About this task: Return every line below as is, leaving out the pictures.

Dataset extract:
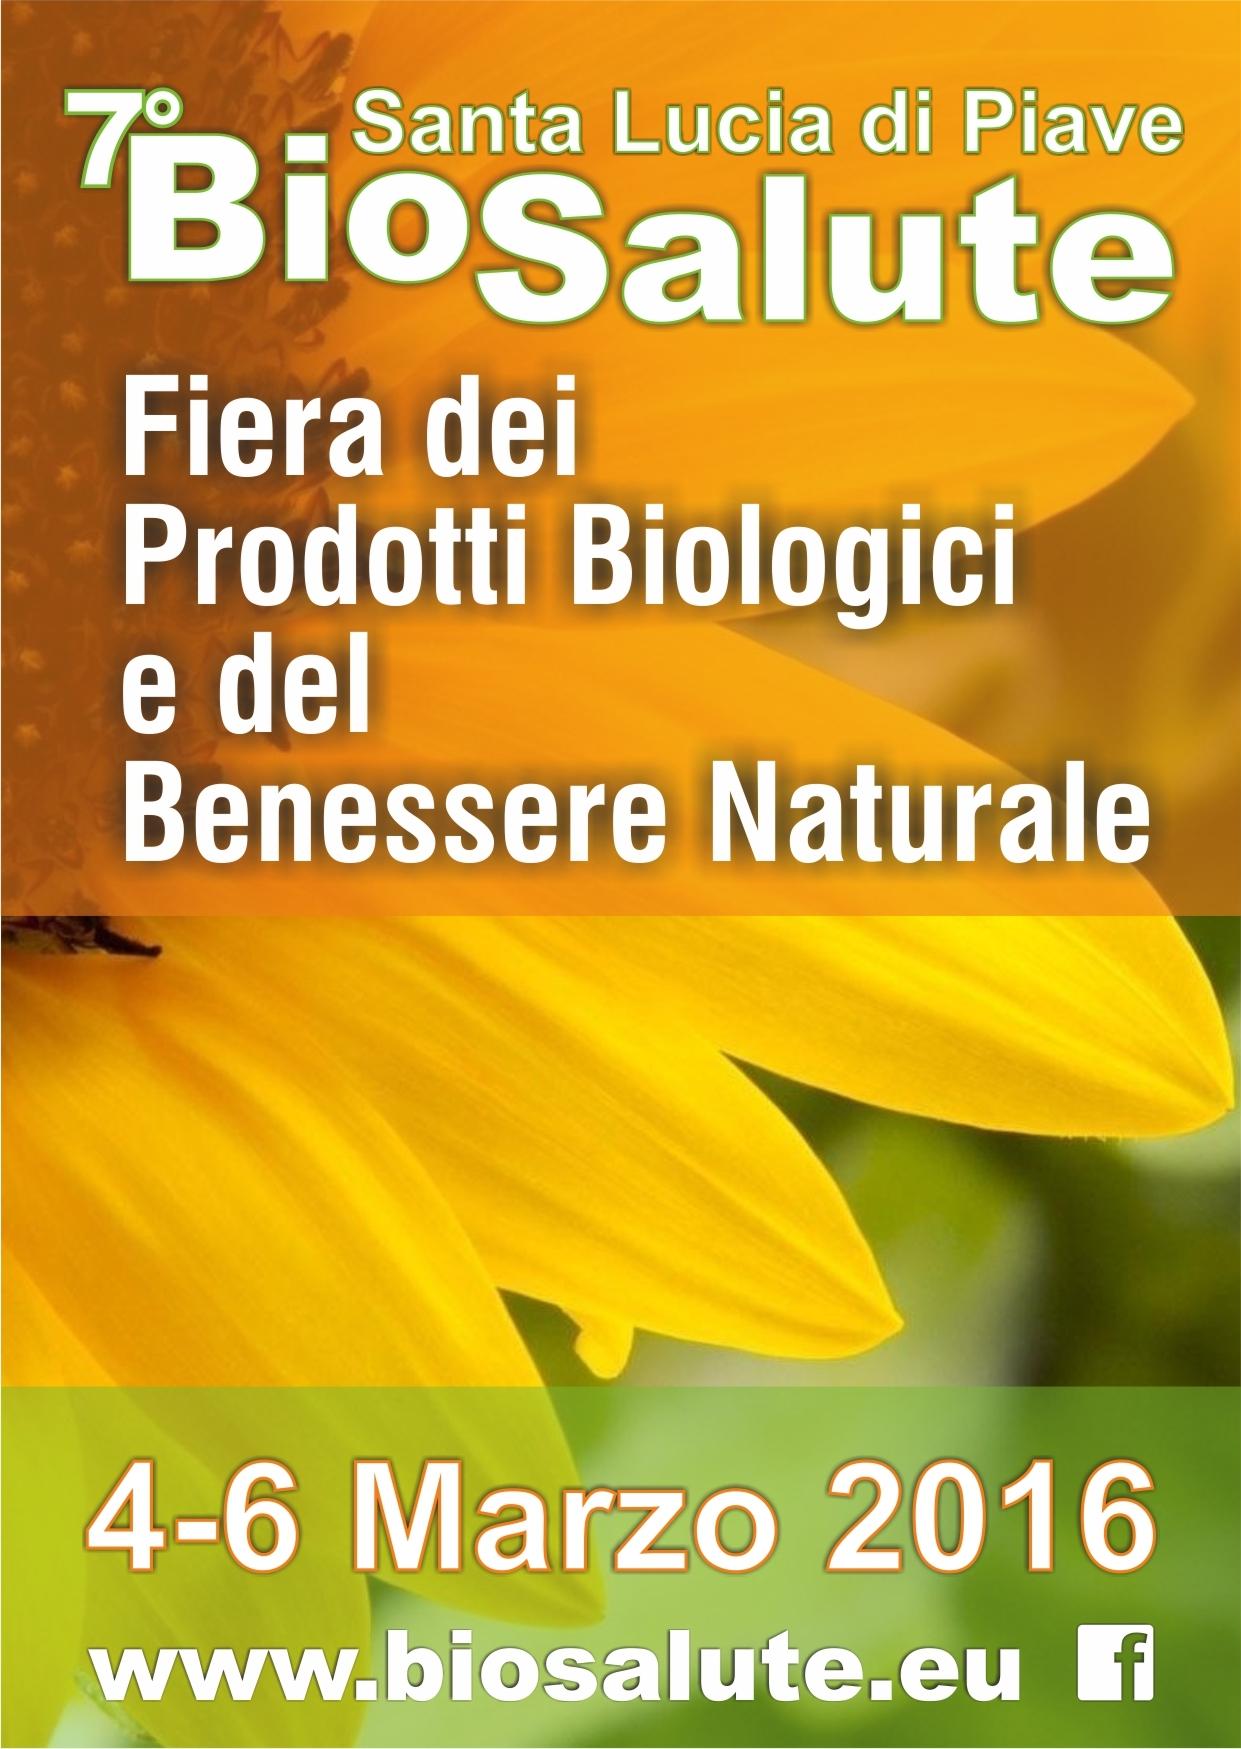 Dal 4 al 6 marzo siamo in fiera Biosalute a Santa Lucia di Piave (TV)
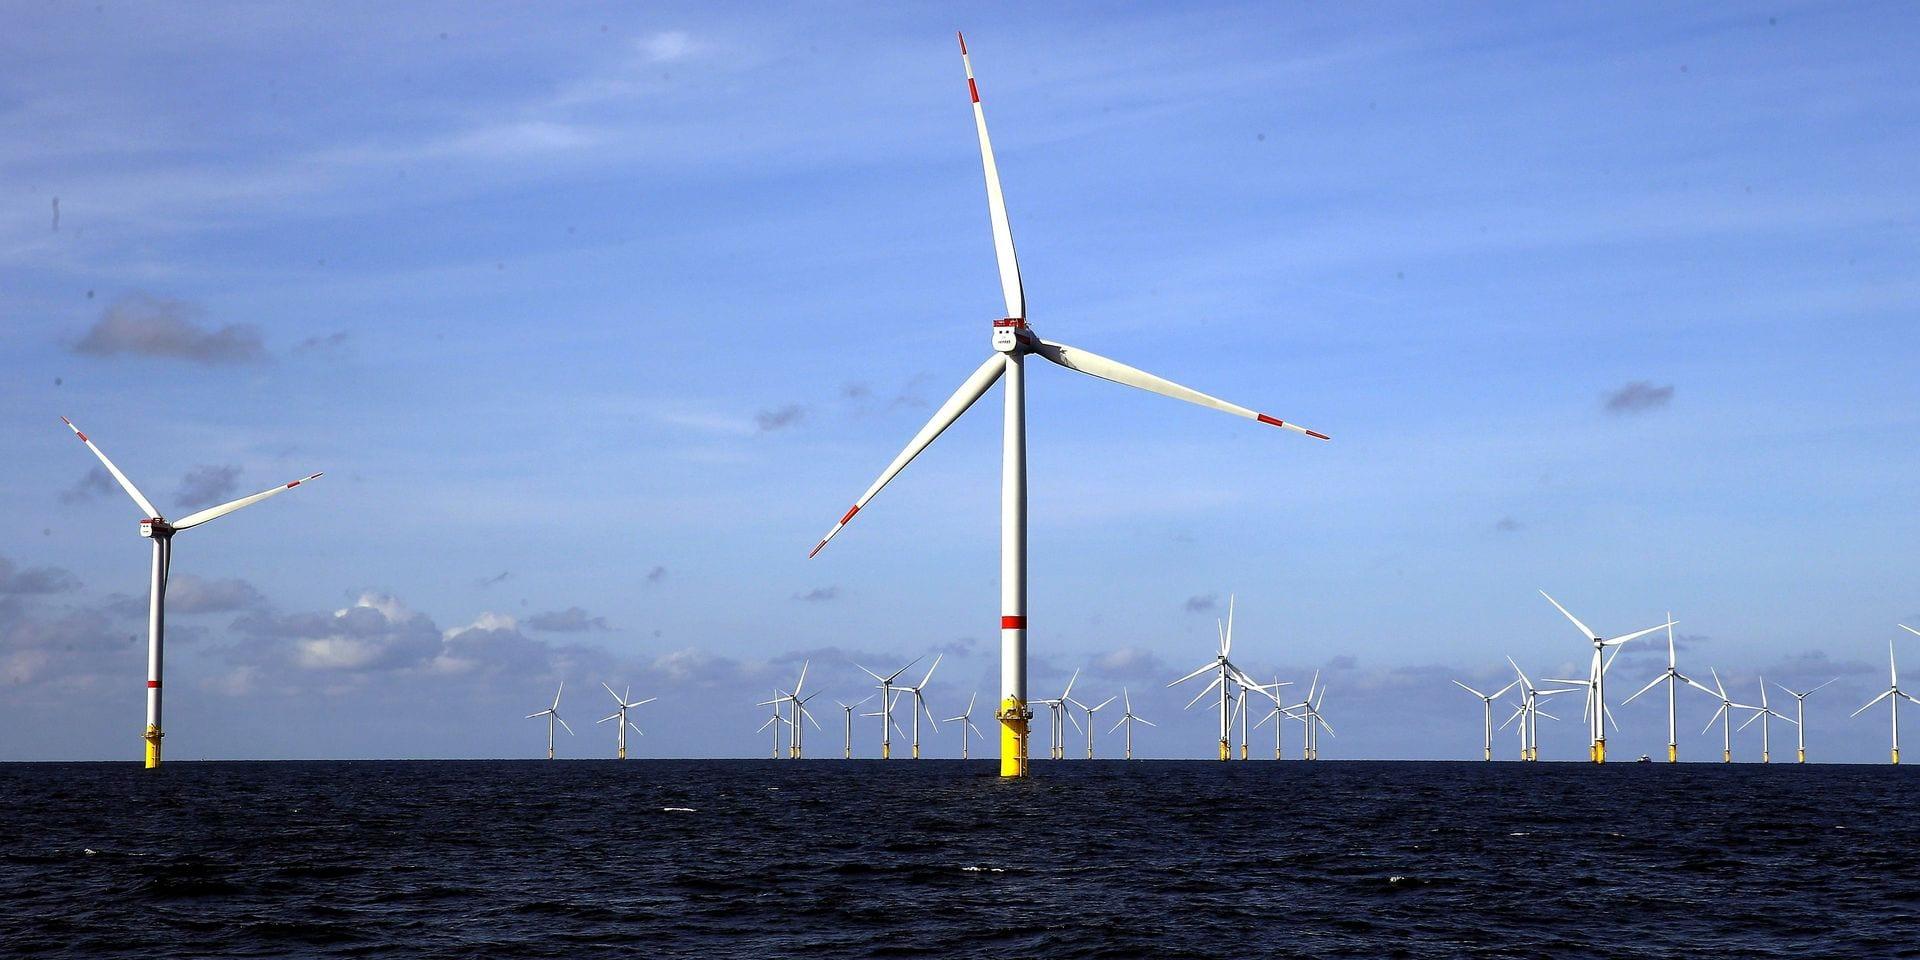 Les éoliennes réduisent les émissions de gaz à effet de serre mais contribuent au réchauffement à la surface de la Terre
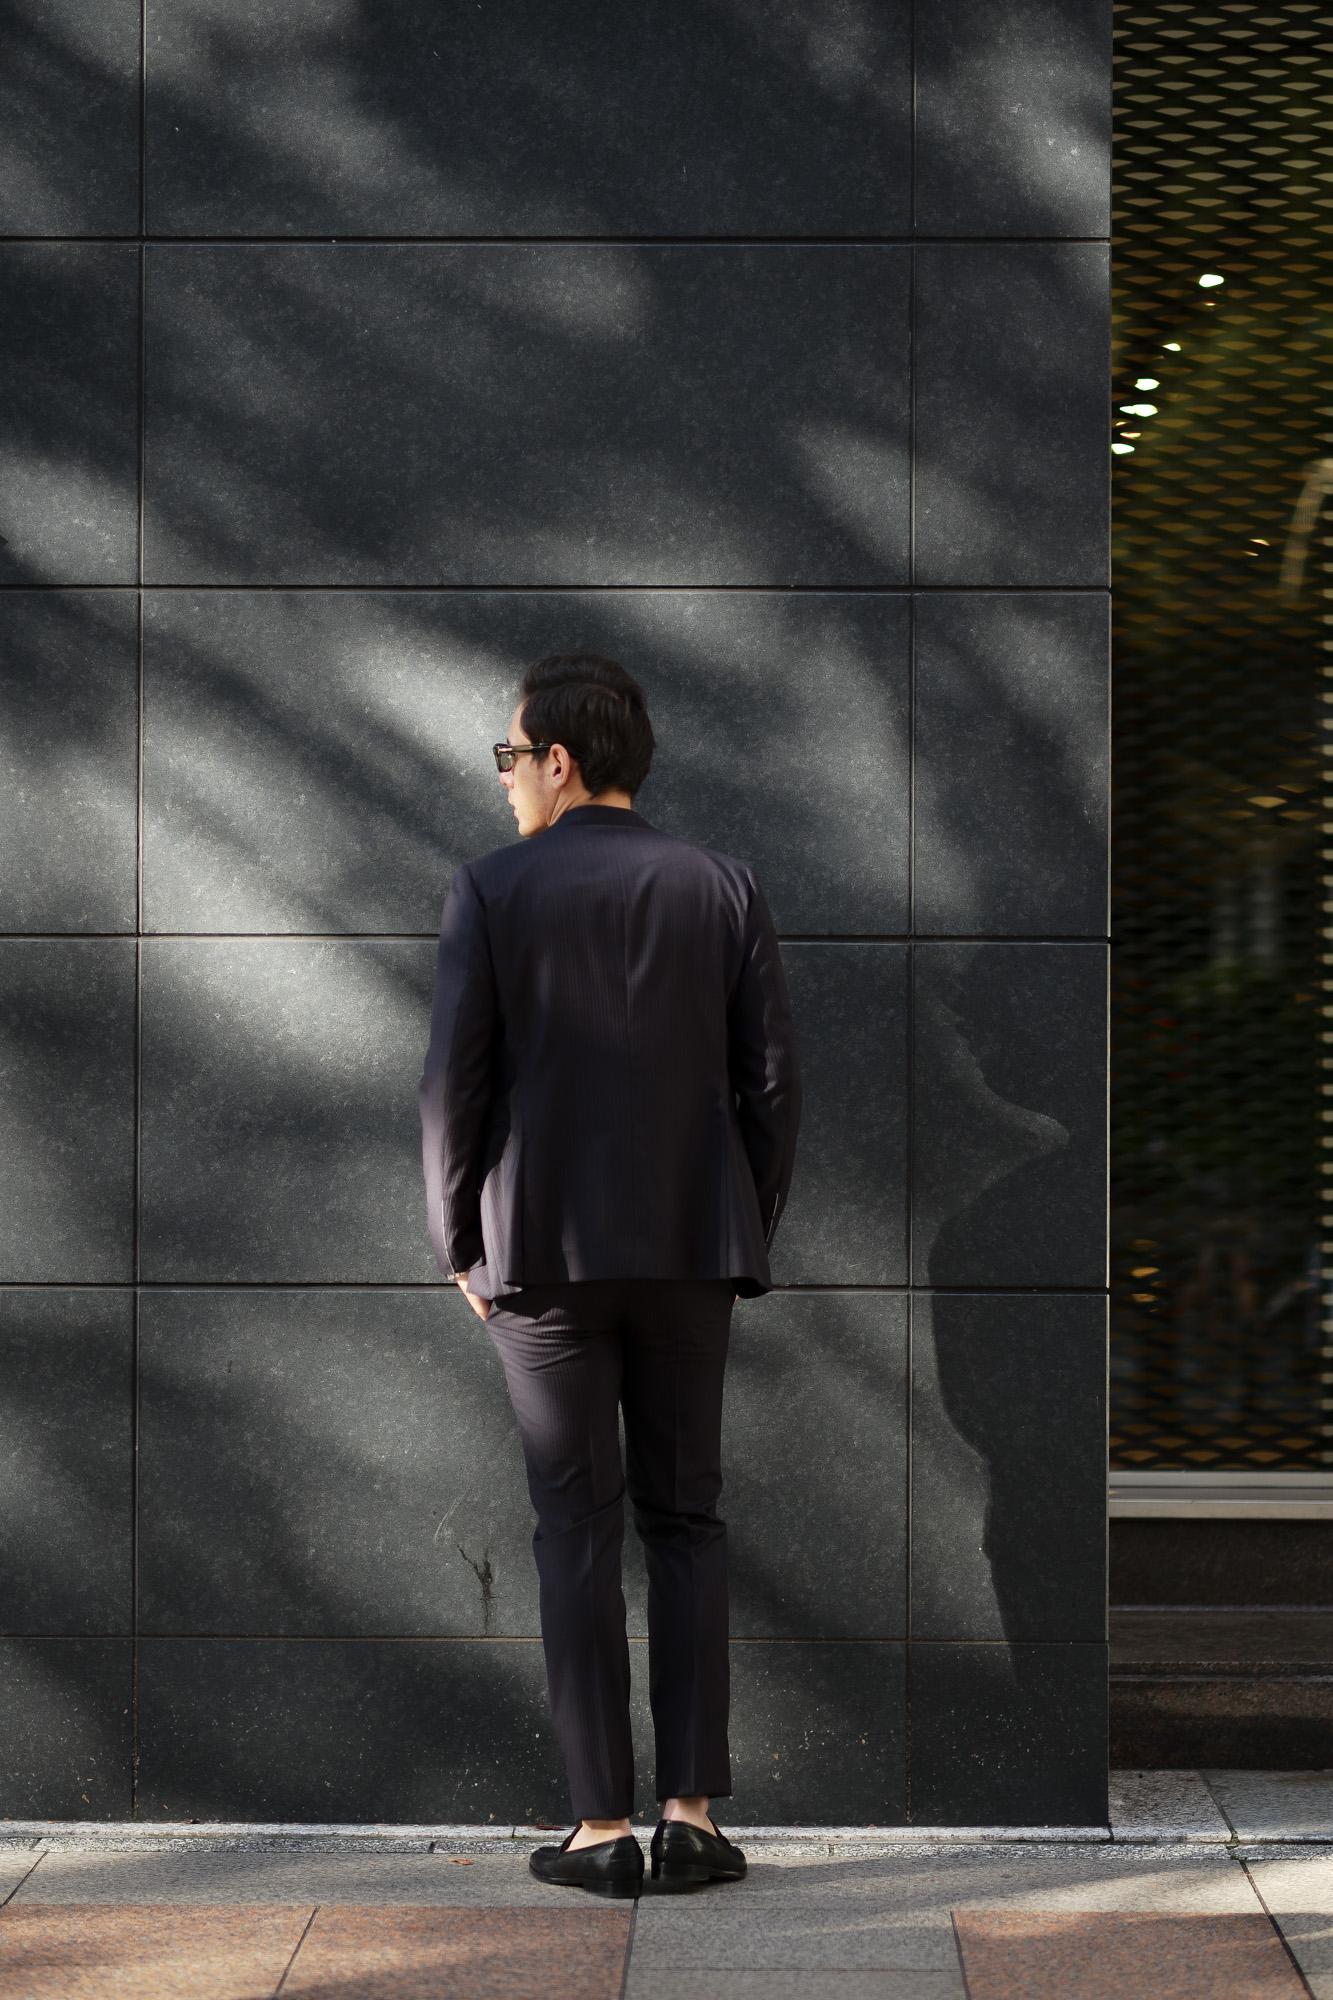 cuervo bopoha(クエルボ ヴァローナ) Sartoria Collection (サルトリア コレクション) Rooster (ルースター) Ermenegildo Zegna エルメネジルド・ゼニア シャドーストライプ スーツ DARK NAVY (ダークネイビー) MADE IN JAPAN (日本製) 2020 【ご予約受付中】 愛知 名古屋 altoediritto アルトエデリット
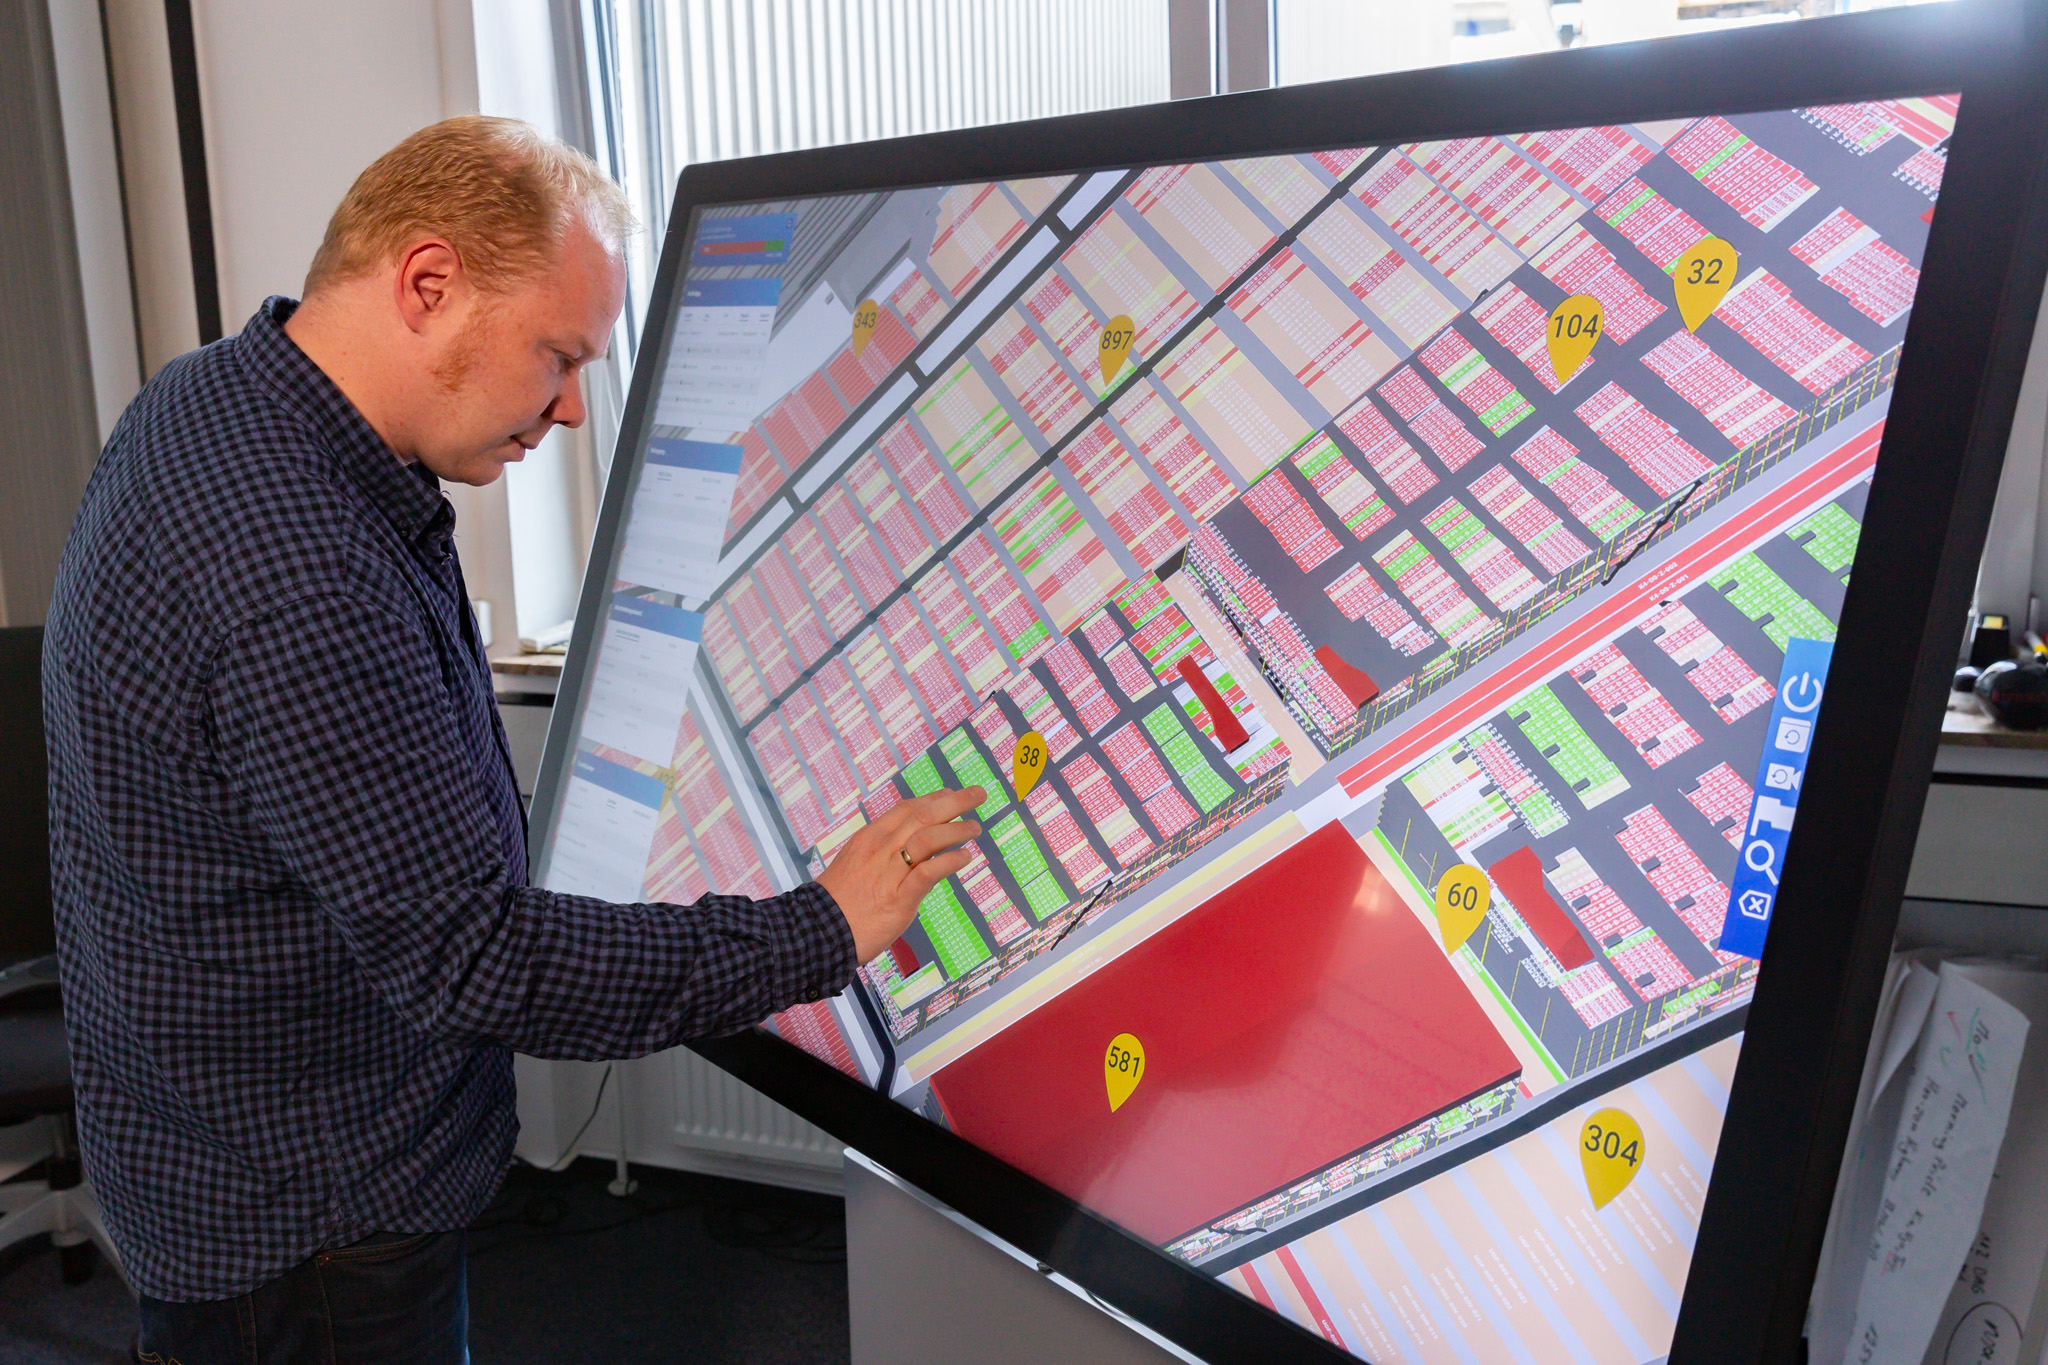 Der Multitouch-Tisch bildet das gesamte AutoTerminal ab, Bild: BLG Logistics

Solution to the problem:
 Dal 4 al 6 marzo siamo in fiera Biosalute a Santa Lucia di Piave (TV)
 Les éoliennes réduisent les émissions de gaz à effet de serre mais contribuent au réchauffement à la surface de la Terre
 cuervo bopoha(クエルボ ヴァローナ) Sartoria Collection (サルトリア コレクション) Rooster (ルースター) Ermenegildo Zegna エルメネジルド・ゼニア シャドーストライプ スーツ DARK NAVY (ダークネイビー) MADE IN JAPAN (日本製) 2020 【ご予約受付中】 愛知 名古屋 altoediritto アルトエデリット
 Der Multitouch-Tisch bildet das gesamte AutoTerminal ab, Bild: BLG Logistics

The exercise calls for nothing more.